Member of the U.S. House of Representatives from Illinois's 17th district
- In office March 4, 1887 – March 3, 1895
- Preceded by: John R. Eden
- Succeeded by: James A. Connolly

Personal details
- Born: March 27, 1842 Cleveland, Ohio, U.S.
- Died: October 30, 1912 (aged 70) Hillsboro, Illinois, U.S.
- Resting place: Oak Grave Cemetery
- Party: Democratic

= Edward Lane (Illinois politician) =

American politician

Edward Lane (March 27, 1842 – October 30, 1912) was an American teacher, lawyer, judge, and Democratic politician who served four terms in the United States House of Representatives from Illinois from 1887 to 1895.

== Biography ==
Born in Cleveland, Ohio, on March 27, 1842, he moved to Illinois in May 1858 with his parents, who settled in Hillsboro, Montgomery County.
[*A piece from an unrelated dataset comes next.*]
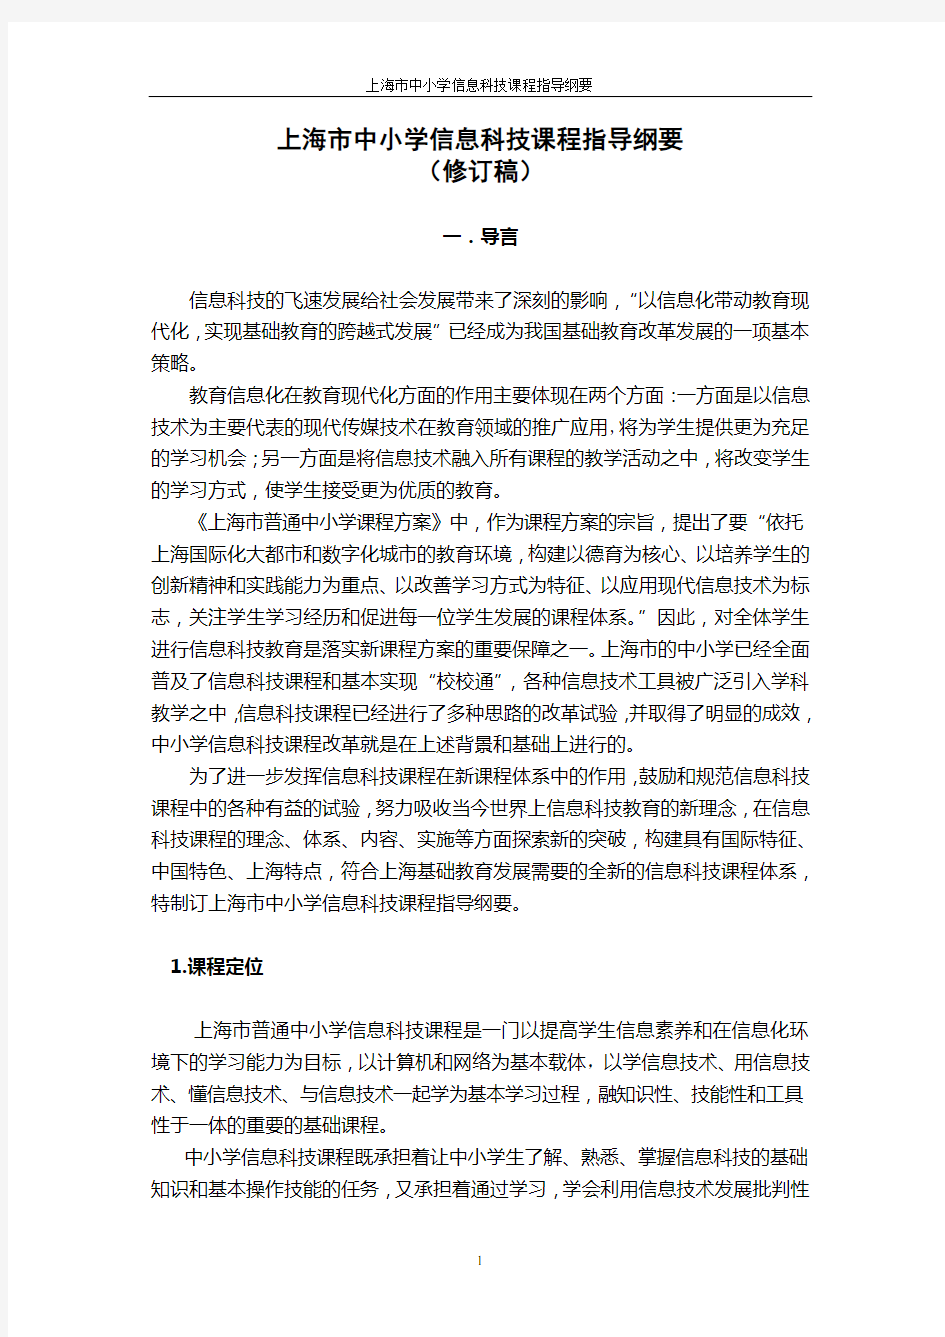 上海市信息科技课程指导纲要
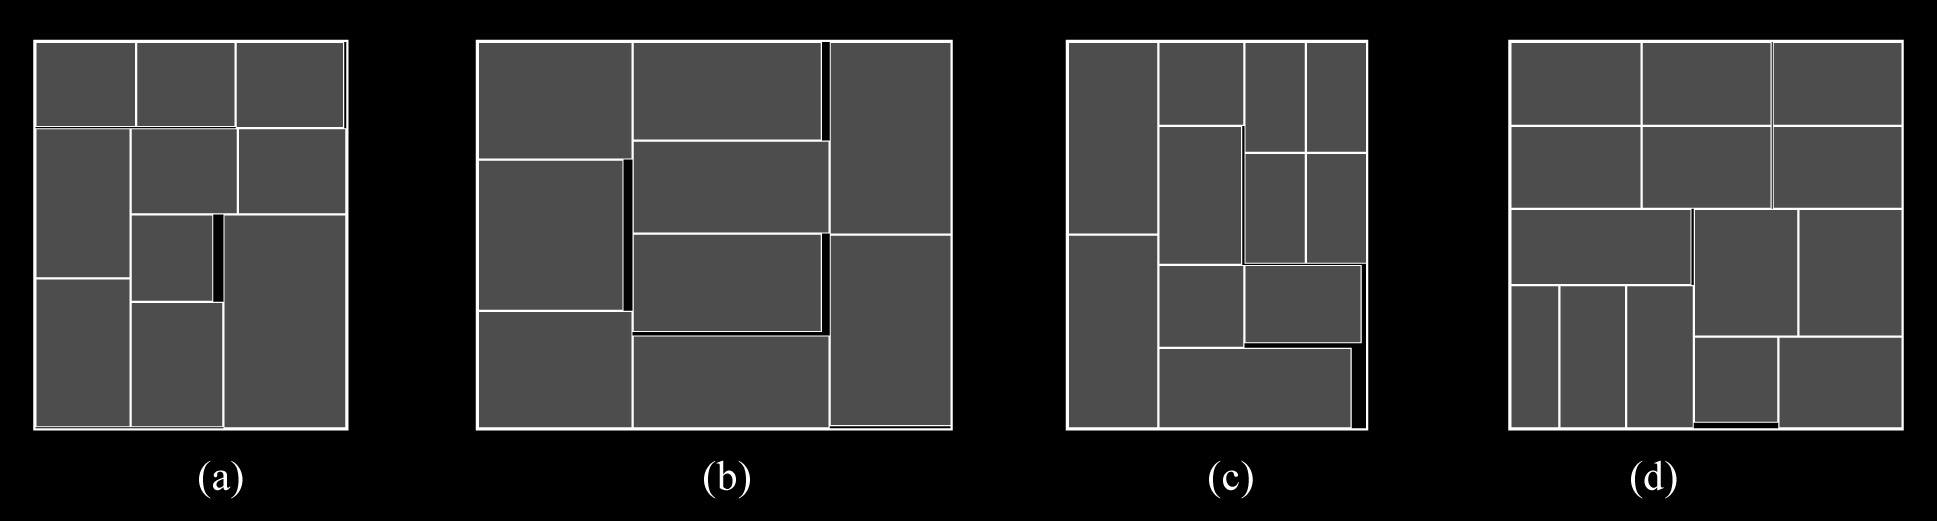 Geração de padrões de cortes bidimensionais guilhotinados restritos via programação dinâmica e busca em grafo-e/ou termos de qualidade das soluções é bom, quando comparado ao dos métodos FHZ98 e

Lane attended local schools and graduated from Hillsboro Academy before becoming a schoolteacher for several years.

=== Early career ===
Lane then studied law and was admitted to the Illinois bar in February 1865, after which he began his legal practice in Hillsboro and served as the city attorney for three years. Local voters elected him judge of the Montgomery County Court in November 1869, a position he held until 1873.

=== Congress ===
Lane was elected as a Democrat to the Fiftieth and to the three succeeding Congresses (March 4, 1887 – March 3, 1895). He served as chairman of the Committee on Militia (Fifty-second Congress). He lost his campaign for reelection in 1894 to the Fifty-fourth Congress to Republican James A. Connolly.

=== Later career ===
Lane resumed his legal practice in Hillsboro.

=== Death and burial ===
Lane died at his home in Hillsboro on October 30, 1912, and was interred in Oak Grove Cemetery.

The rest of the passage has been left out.